SNMP settings must first be configured on the DataPower appliance. This configuration is accessible from the default domain and accessed from the left navigation menu of the DataPower Web GUI by first selecting the Administration menu and then selecting SNMP Settings under the Access heading.

This configuration consists of multiple tabs. The main tab must have the Admin State set to Enabled. Typically, the Local IP Address is set to a Host Alias defined in the default domain that maps to the Management Interface IP, which restricts SNMP polling requests to this IP and not any of the client traffic interfaces (eth0, eth1, or eth2). Figure 2 shows SNMP settings enabled on the default Local Port of 161. Outbound polling responses and traps will be sent out using any appliance interface that has the correct routing. To restrict this outbound traffic to the same IP, add a static route to the appliance's mgt0 configuration.

Figure 2. Enabling SNMP settings
Enabling SNMP settings

The DataPower MIBs can be downloaded from the appliance to be used by any SNMP management tool. The MIBs enable these tools to translate named objects such as dpStatusMemoryStatusUsage to an OID used to request the metric. All appliance status OIDs are in the drStatusMIB.txt MIB file. Figure 3 shows the Enterprise MIBs tab of the SNMP Settings screen, and the method for downloading the MIBs:

Figure 3. SNMP MIB download tab
SNMP MIB download tab

The Trap Event Subscription tab contains a list of event codes that can be sent to the management software as an alert. Examples are the codes for "Internal cooling fan has stopped" or "Power supply failure." Figure 4 below shows some of the default preloaded subscriptions. To add additional events, click Select Code. If a specific code is not shown in the list, you can add it manually. For example, adding code 0x806000e2 adds certificate monitor events to indicate when a certificate is nearing expiration. You can get these event codes from their associated log records in the default log. You can also get the event code in the Message Reference document for your firmware release.

Figure 4. SNMP Trap Event Subscription
SNMP Trap Event Subscription

The SNMPV1/V2c Communities tab defines access policies for management software using SNMP V1 and V2. The community name is used as a credential to access the SNMP data on the appliance. A common community name for read-only access is public. A DataPower domain, either the default or an application domain, can be associated with the configured community.

If application data is to be polled, specify the application domain; otherwise use the default domain. Specifying an application domain does not prevent management software from polling device-level metrics such as device load, CPU utilization, memory metrics, and environmental statistics. Additionally, it allows polling of application metrics such as transaction rates and times, MQ queue manager status, message counters, or SLM metrics.

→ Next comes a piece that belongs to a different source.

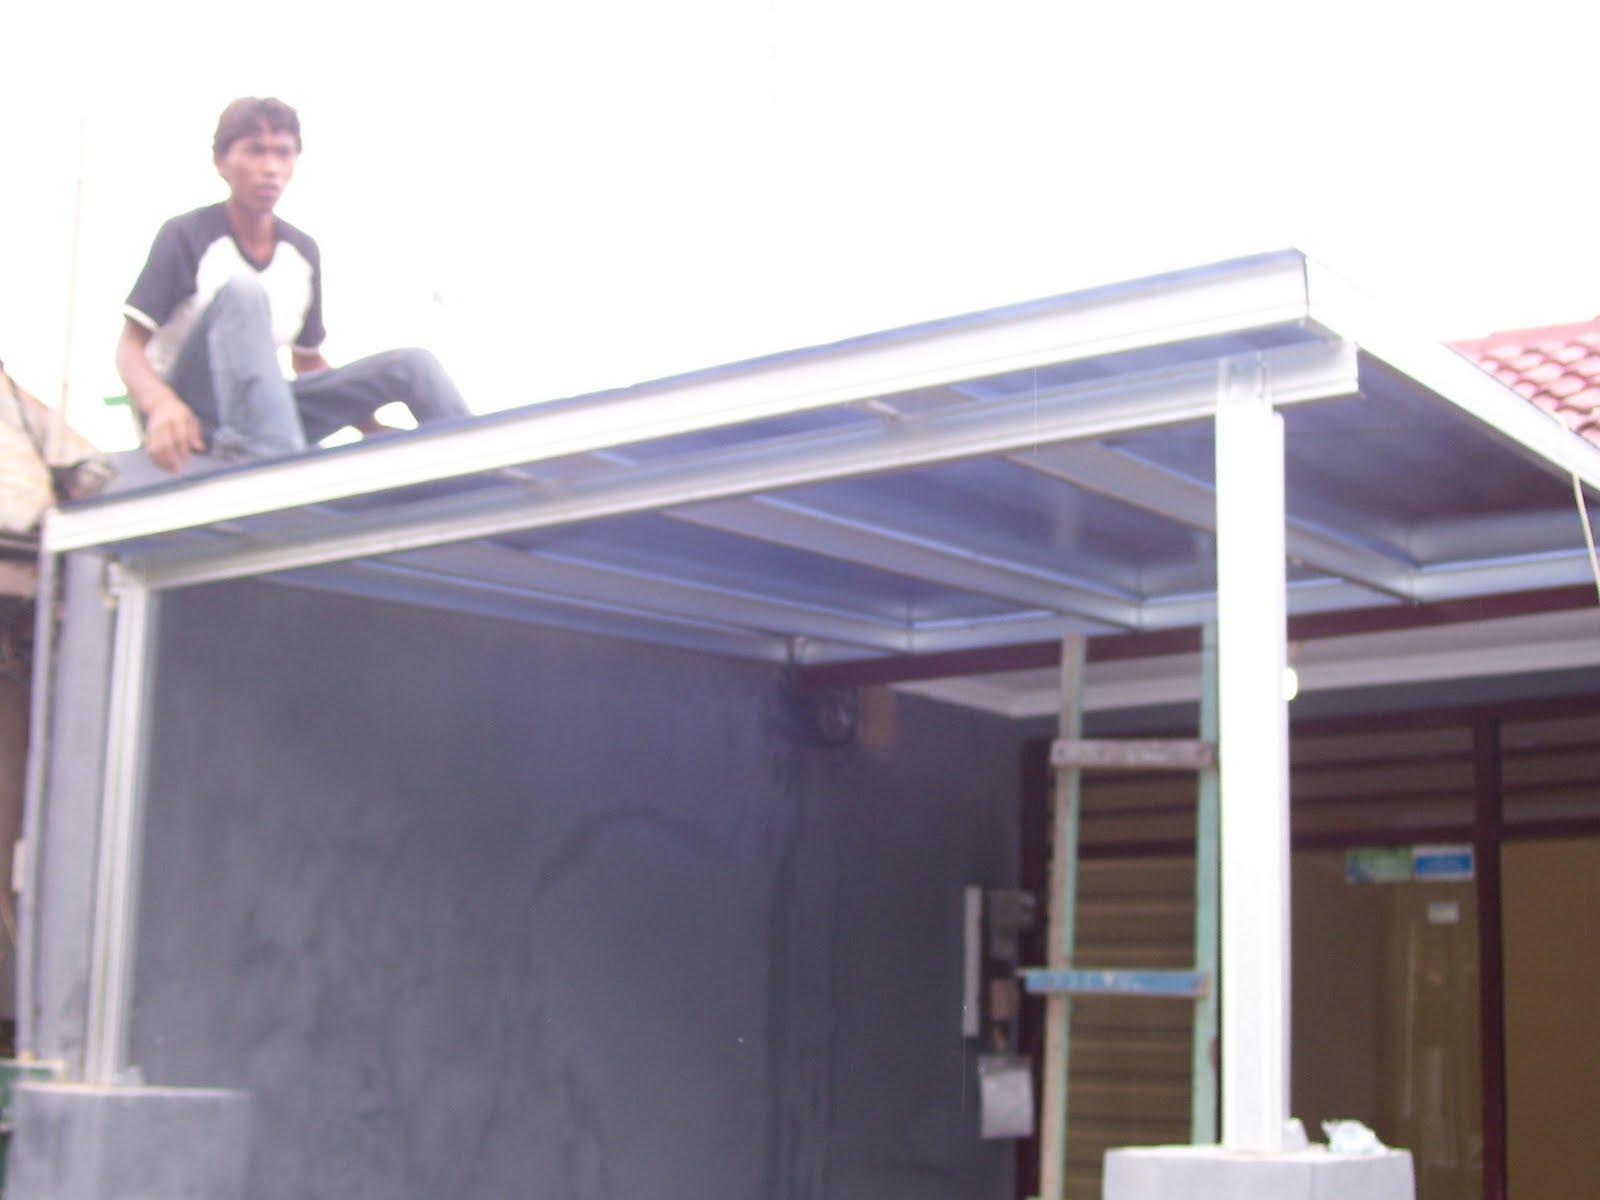 Kanopi Baja Design Rangka Atap Ringan , Arsitecture & Interior ...

The mode of the community should be configured as read-only for access to appliance status metrics. Finally, a remote host access of 0.0.0.0/0 lets any SNMP manager access this community. It can be restricted to a range of IPs if desired. To configure additional communities, click Add. Figure 5 shows the specification of an SNMP V1/V2c community name of public for the read-only access of application domain status within the swlinn-poc domain.

Figure 5. SNMP Community Settings specifying and application domain
SNMP Community Settings specifying and application domain

The Trap and Notification Targets tab lets you specify the IP and port of the SNMP manager that will receive SNMP alerts and notifications. The default is UDP port 162. The community name and the SNMP version (1, 2c, or 3) must be specified. If Version 3 is used, a DataPower user name is provided in the Security Name field. This user will be configured with SNMP V3 credentials. The specific events that are alerted are configured on either the SNMP Trap Event Subscription tab or on the subscription configuration of a SNMP logging target. Events preconfigured by default on the SNMP Trap Event Subscription tab are critical device-specific events, such as memory exhaustion, or hardware issues with the power supplies, battery, or fans. To configure additional notification targets, click Add. Figure 6 shows the configuration of the recipient of SNMP alerts using SNMP Version 2c with the community name of public:

Figure 6. SNMP Trap and Notification Targets
SNMP Trap and Notification Targets

Finally, the SNMPV3 Contexts tab gives SNMPV3 managers access to non-default application domains. To allow only SNMP polling, enabling the SNMP settings and providing a SNMPV1/V2c community is all that is required. Trap and notification targets and event subscriptions are required in sending event alerts to an SNMP manager.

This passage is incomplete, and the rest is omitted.